The Quick start below is a single copy‑paste script. It loads data from GitHub and runs the full workflow.

Installation

# from GitHub (development)
# install.packages("remotes")
remotes::install_github("tanakak/FactorialSurvey")

Quick start (copy‑paste and run)

#################################################################
# 0. Preparation: Load Packages
#################################################################

# Install required packages (only for the first time)
# 'devtools' is necessary to install packages from GitHub.
# This step will be skipped if it's already installed.
if (!requireNamespace("devtools", quietly = TRUE)) {
  install.packages("devtools")
}

# Force install the latest version of the FactorialSurvey package from GitHub.
# "force = TRUE" ensures that it overwrites any existing version.
# "upgrade = 'never'" prevents the upgrading of other packages.
devtools::install_github("tanakak/FactorialSurvey",
                         force = TRUE,
                         upgrade = "never",
                         dependencies = TRUE)

# Load the FactorialSurvey package.
# This makes functions like fs_betareg available for use.
library(FactorialSurvey)


# Load other necessary packages.
# These are the "tools" required for the data analysis.
library(dplyr)      # For efficient data manipulation and processing.
library(tidyr)      # For tidying data, especially for converting between "wide" and "long" formats.
library(betareg)    # For running beta regression models.
library(margins)    # For calculating marginal effects.

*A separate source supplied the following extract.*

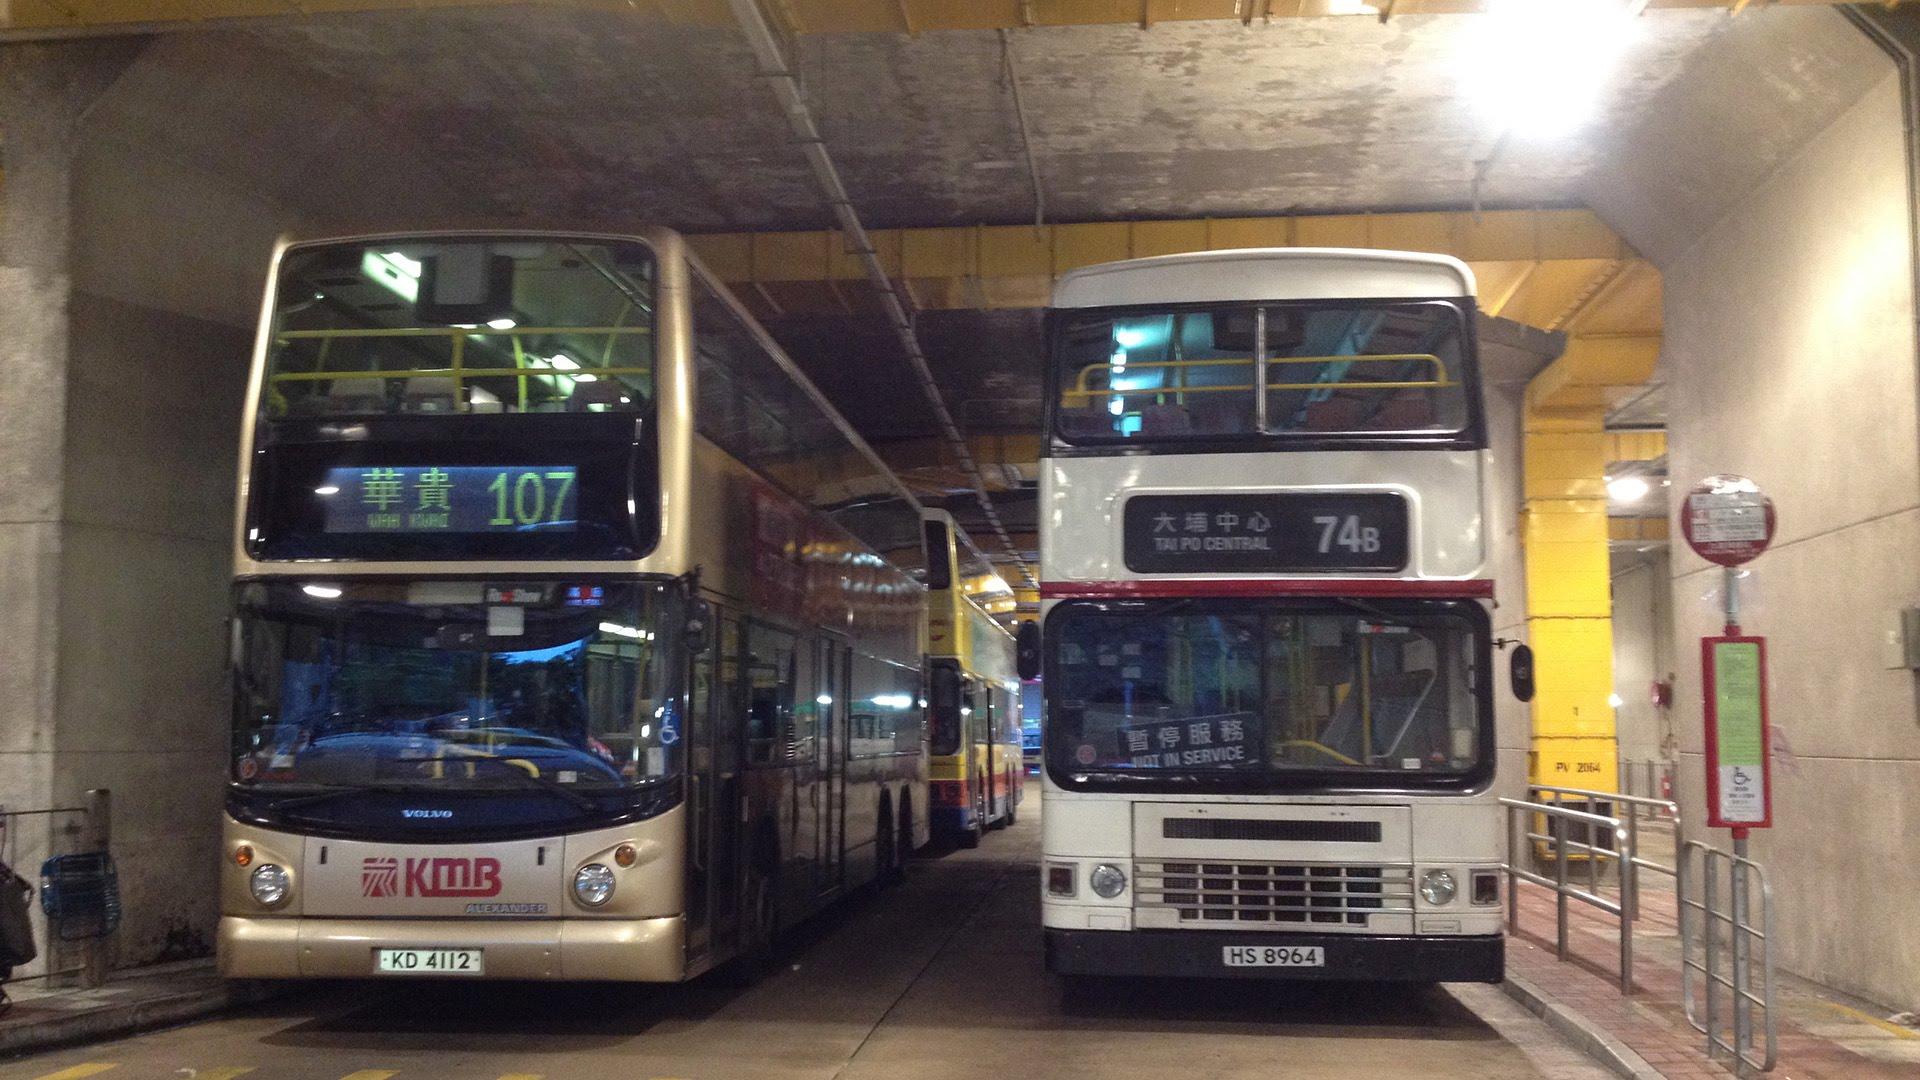 Hong Kong Bus KMB 3AD150 @ 74B 九龍巴士 Dennis Dragon 九龍灣總站-大埔中心

#################################################################
# 1. Data Loading and Preprocessing
#################################################################


# --- Load the Data from GitHub ---
# Use the read.csv() function to load the CSV files directly from the GitHub repository URL.
bento_url <- "https://raw.githubusercontent.com/tanakak/fs/main/bento.csv"
data <- read.csv(bento_url)


# --- Create Respondent IDs ---
# Add an 'id' column to uniquely identify each row (each respondent).
data$id <- 1:nrow(data)


# --- Reorder Columns ---
# Move the 'id' column to the first position.
data <- data %>% select(id, everything())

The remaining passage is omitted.